As a young girl on family vacations to Washington D.C., Helen James asked her parents to drop her off at the Smithsonian Museum of Natural History in the morning and not come back until closing time.

It was the 1960s and parents could do that.

Today, the paleo-ornithologist and AAAS Fellow is the museum's curator in charge of birds. She oversees more than 640,000 specimens—one of the largest collections in the world—as well as more than 80,000 bird fossils, many of which she helped dig up over the past four decades.

"I had my eyes on the natural history museum from a very young age," James said. "I stuck with it. It was hard to get me to go away."

Through college, she volunteered or worked at the museum during the summer.
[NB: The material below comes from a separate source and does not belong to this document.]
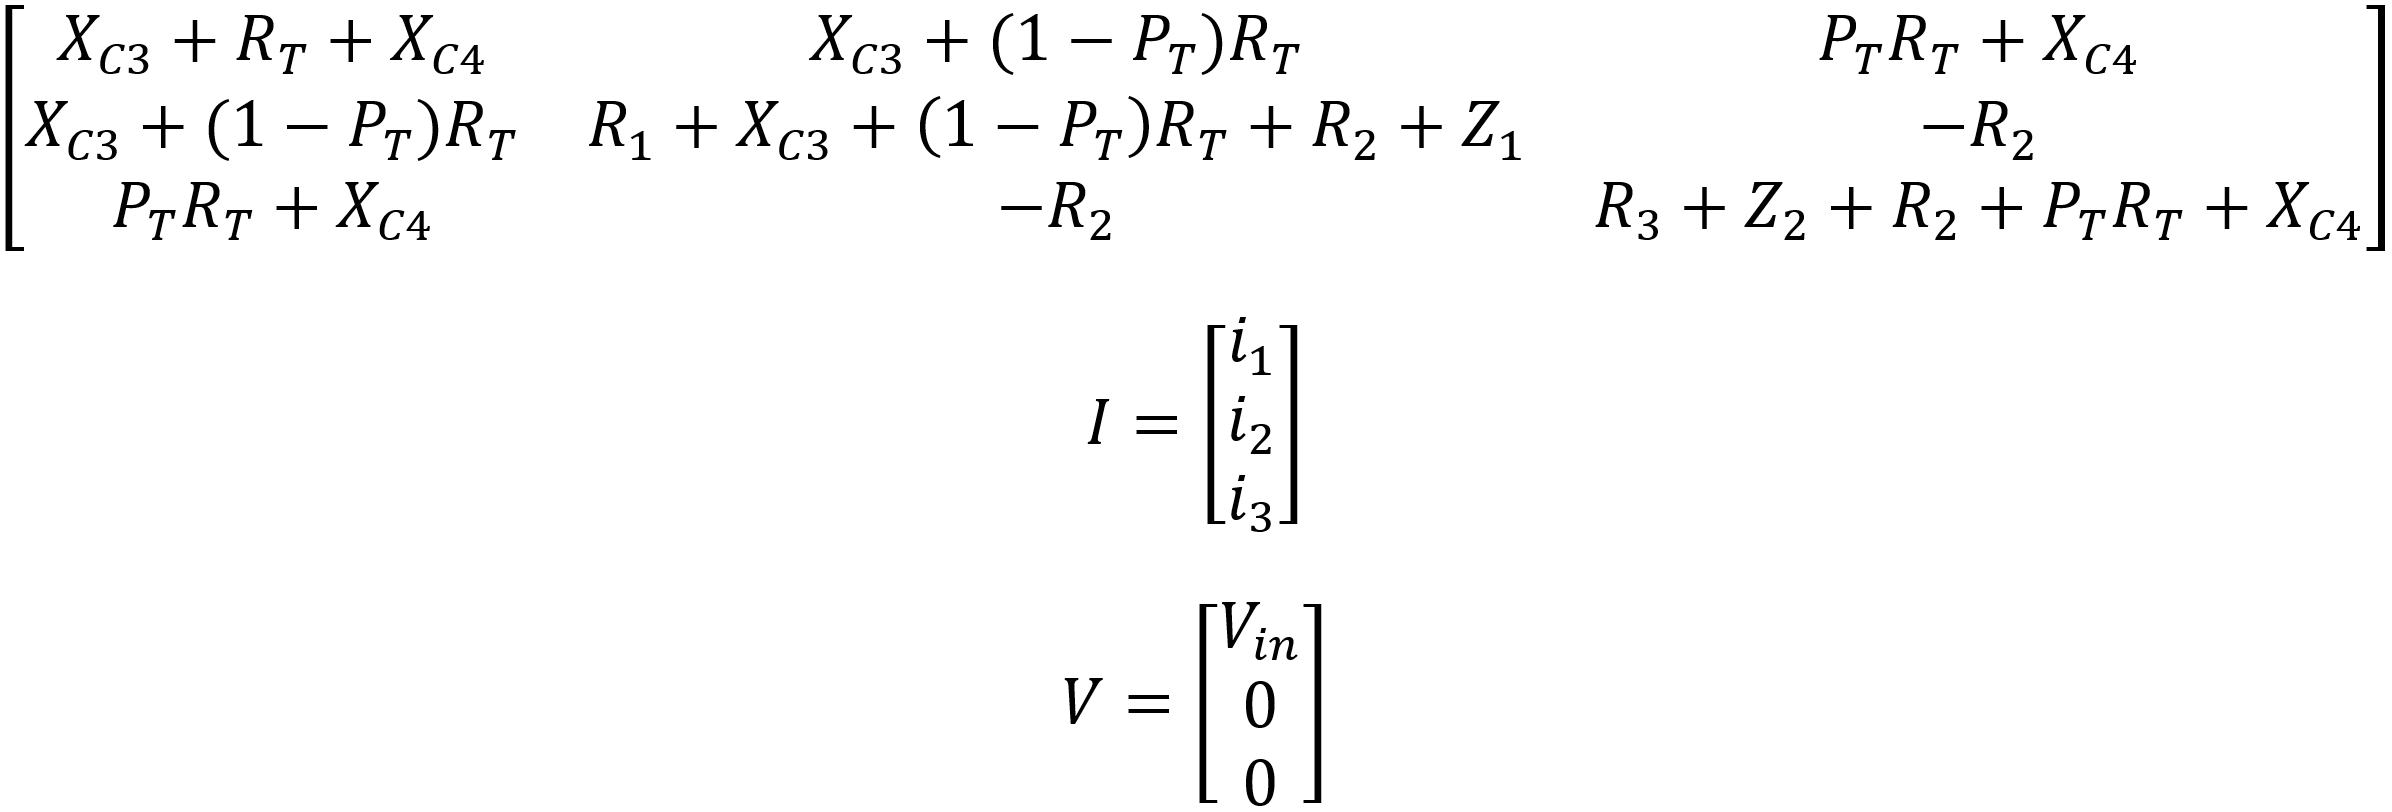 Tone Stack Loop Equations in Matrix Form

After graduating from the University of Arkansas in 1977, she landed a job helping identify bird fossils and she's been with the museum ever since.

A backstage pass leads James down long hallways of offices and labs, and through huge rooms full of specimens carefully stored in drawers and boxes, waiting to reveal their secrets about bird evolution, adaptation and extinction. It's not just the bones and feathers, but the people who preserve and study them, that make work fun. 

"I like museum people. Often, we're a little bit special," she said, laughing. "The people who choose to spend a large part of their career in a natural history museum tend to care about nature, they care about people, human cultures. They just have a certain spark and they don't necessarily care that much how the rest of the world may see that."

James wasn't always interested in studying birds, even though both her parents were avian ecologists. Her first love was archaeology. As a child growing up in rural Fayetteville, Arkansas, she ran around exploring the forests of the Ozark Mountains. When she found arrowheads, she wondered about the little girls who had grown up in the area long before her. James joined the Northwest Arkansas Archaeological Association when she was around 12 years old—by far the youngest member at the time.

When she was 14, her family lived in Ghana while her father taught on a Fulbright Fellowship. Living in Africa for a year was "an enormous eye opener," James said. "I went back to Fayetteville and high school just didn't seem like enough."

She petitioned the University of Arkansas for early admission and started college at age 16. She wasn't intimidated at all, having already taken the archaeology field course and French at the university.

Fascinated by digging up human history, she studied human evolution and archaeology. But it wasn't until a box of Hawaiian bird bones arrived at the Smithsonian that she plunged into ornithology and ultimately earned a Ph.D. in zoology.

Many species were new, never described by scientists before. "I could see a lot of questions were raised by these bones," she said. "What were these birds? How had they evolved? Where had they come from? How had they changed in response to island life? I was just drawn into the pursuit of uncovering this history."

James and her collaborators have worked for more than 35 years to piece together the story of those bones. She and her now-ex-husband, Storrs Olson, a museum curator, would spend months every field season excavating sites to build up the museum's collection, which now stands at more than 70,000 identified Hawaiian bird fossils. They took their two children with them and the whole family camped at a state park where they worked with another researcher-couple, trading off beachside babysitting with fossil excavtion in a muddy cave.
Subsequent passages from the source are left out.